_Information shown:_
○ ○ ○ ○
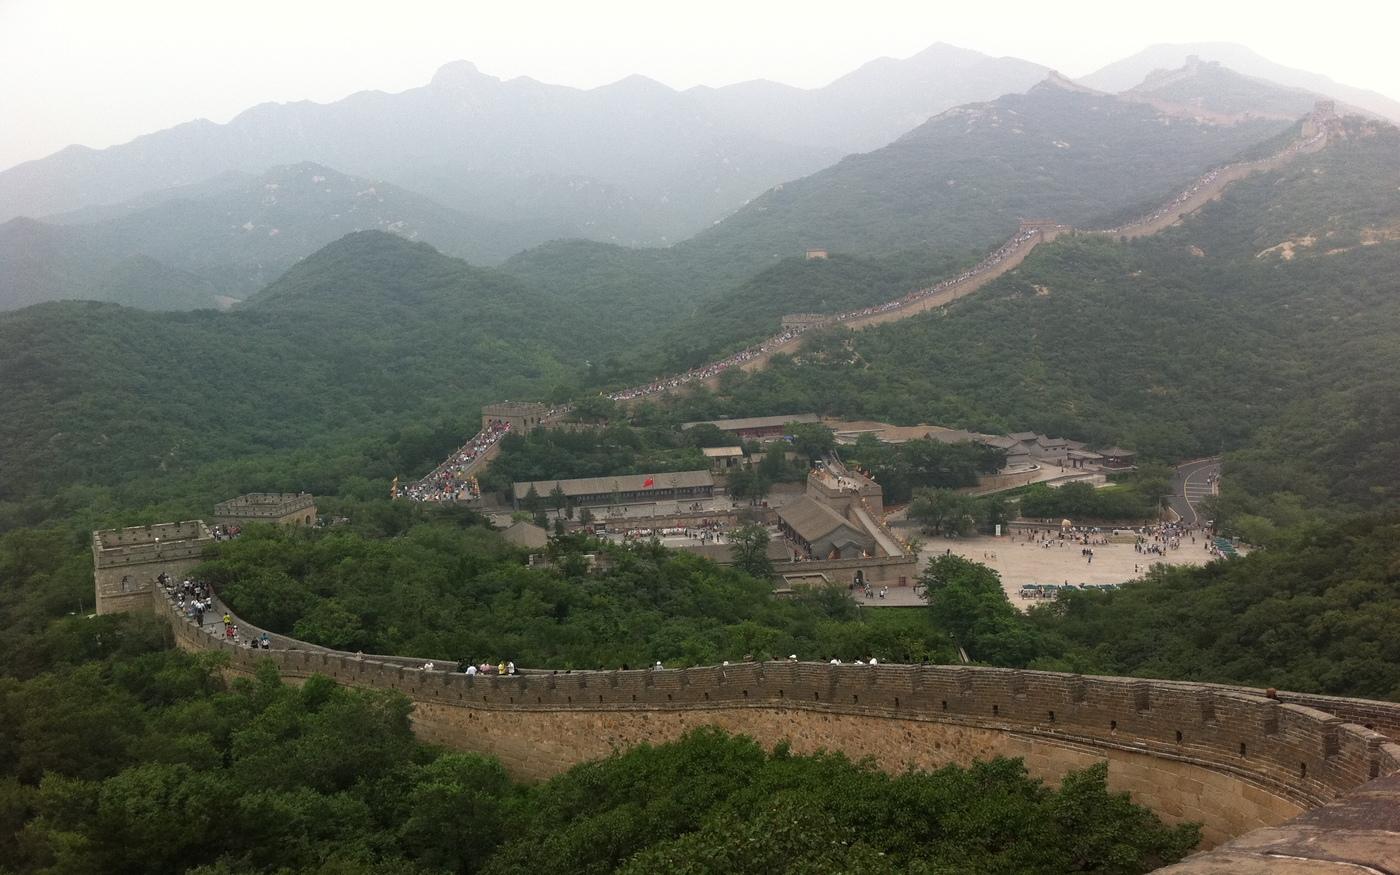 Mur Chiński doskonale wkomponowany w masyw górski
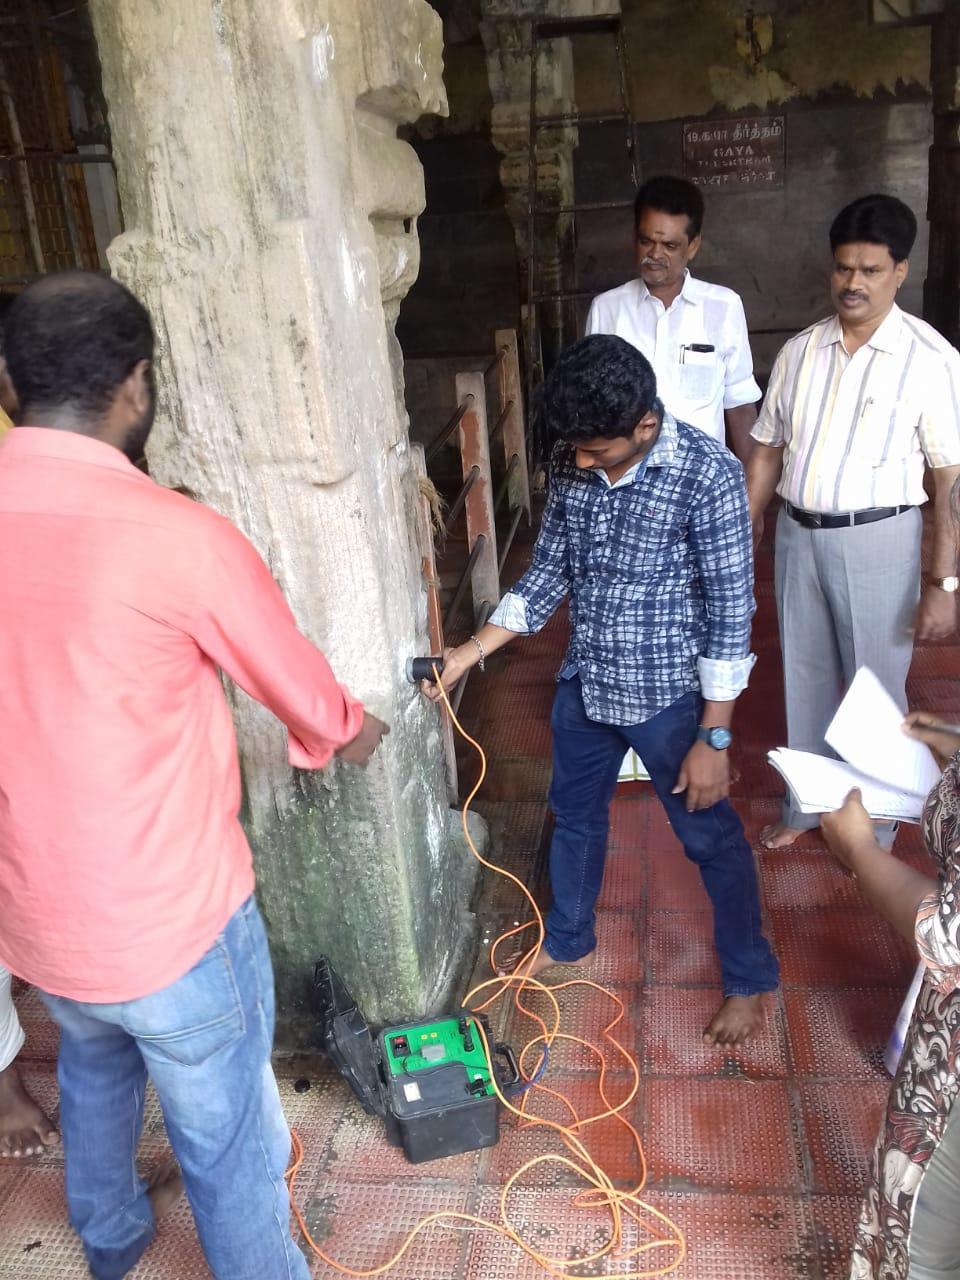 ராமேஸ்வரம் கோயிலில் உறுதி தன்மை குறித்து ஆய்வு
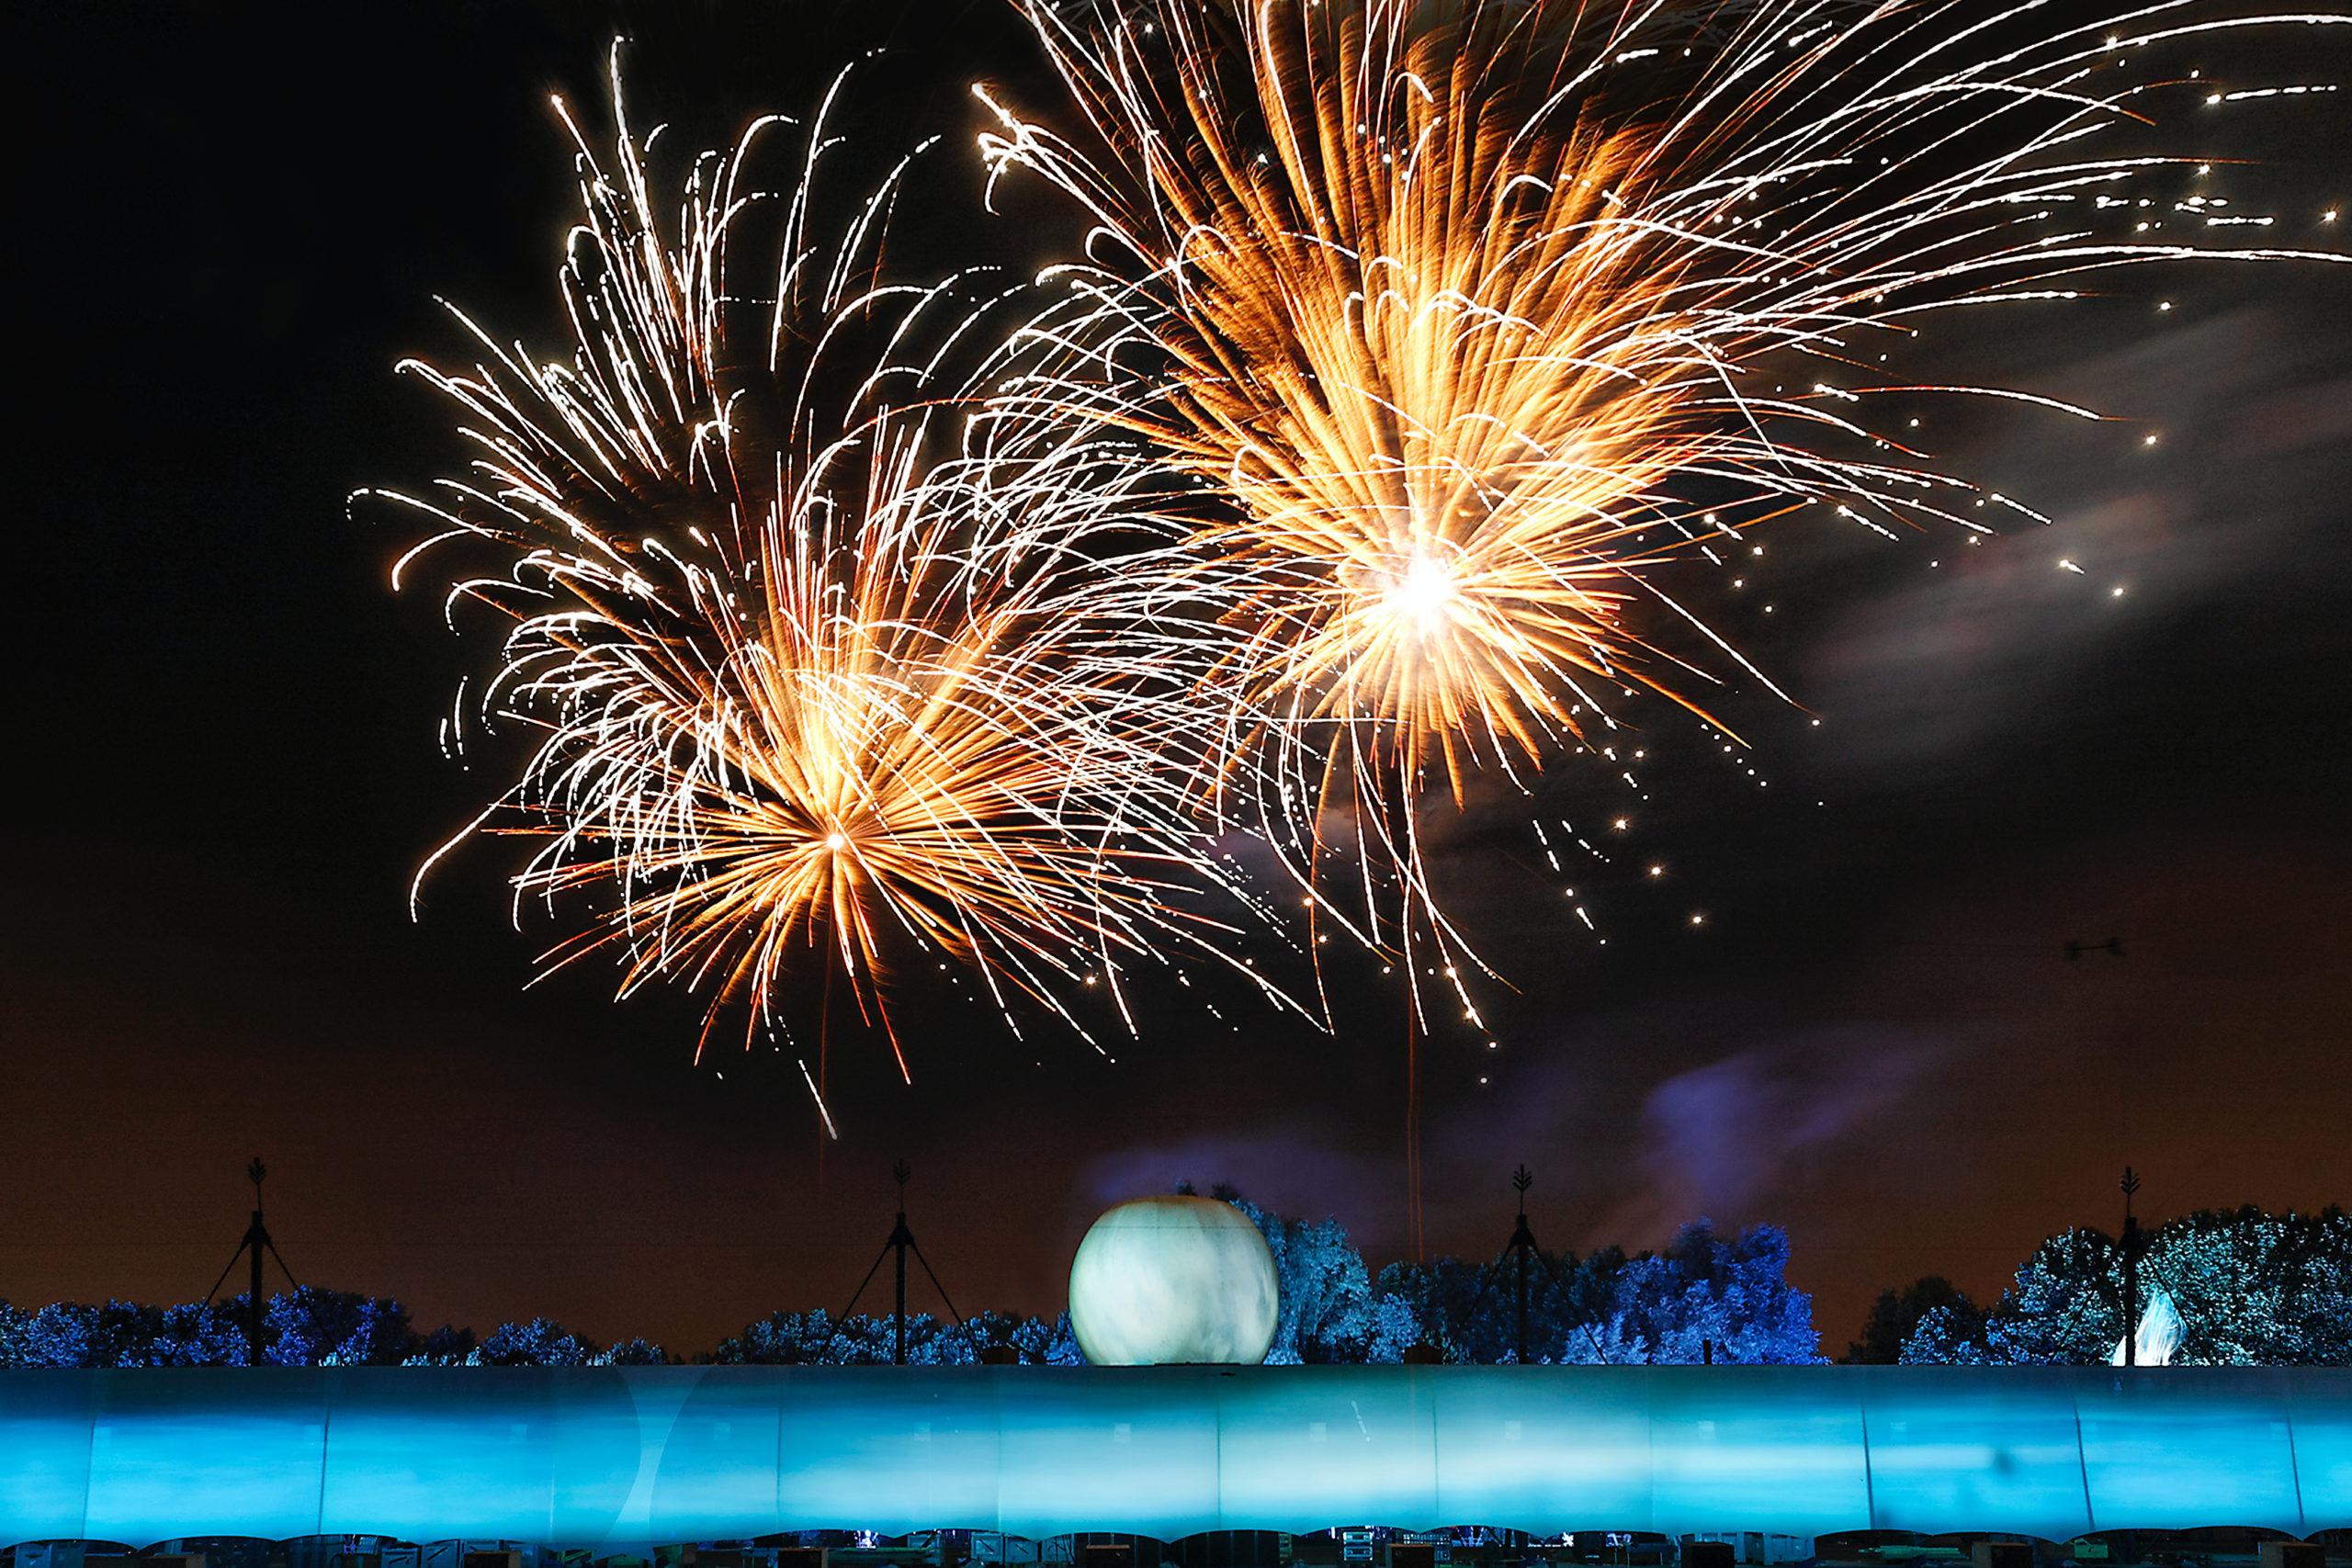 Opening 30ste zomereditie Cultura Nova + Opening Expojaar IBA Parkstad met spektakelvoorstelling van Frans vuurwerkgezelschap Groupe F
○ ○ ○ ○
_Exercise goal:_ Return all the material exactly, skipping pictures.

_Written solution:_
 Mur Chiński doskonale wkomponowany w masyw górski
 ராமேஸ்வரம் கோயிலில் உறுதி தன்மை குறித்து ஆய்வு
 Opening 30ste zomereditie Cultura Nova + Opening Expojaar IBA Parkstad met spektakelvoorstelling van Frans vuurwerkgezelschap Groupe F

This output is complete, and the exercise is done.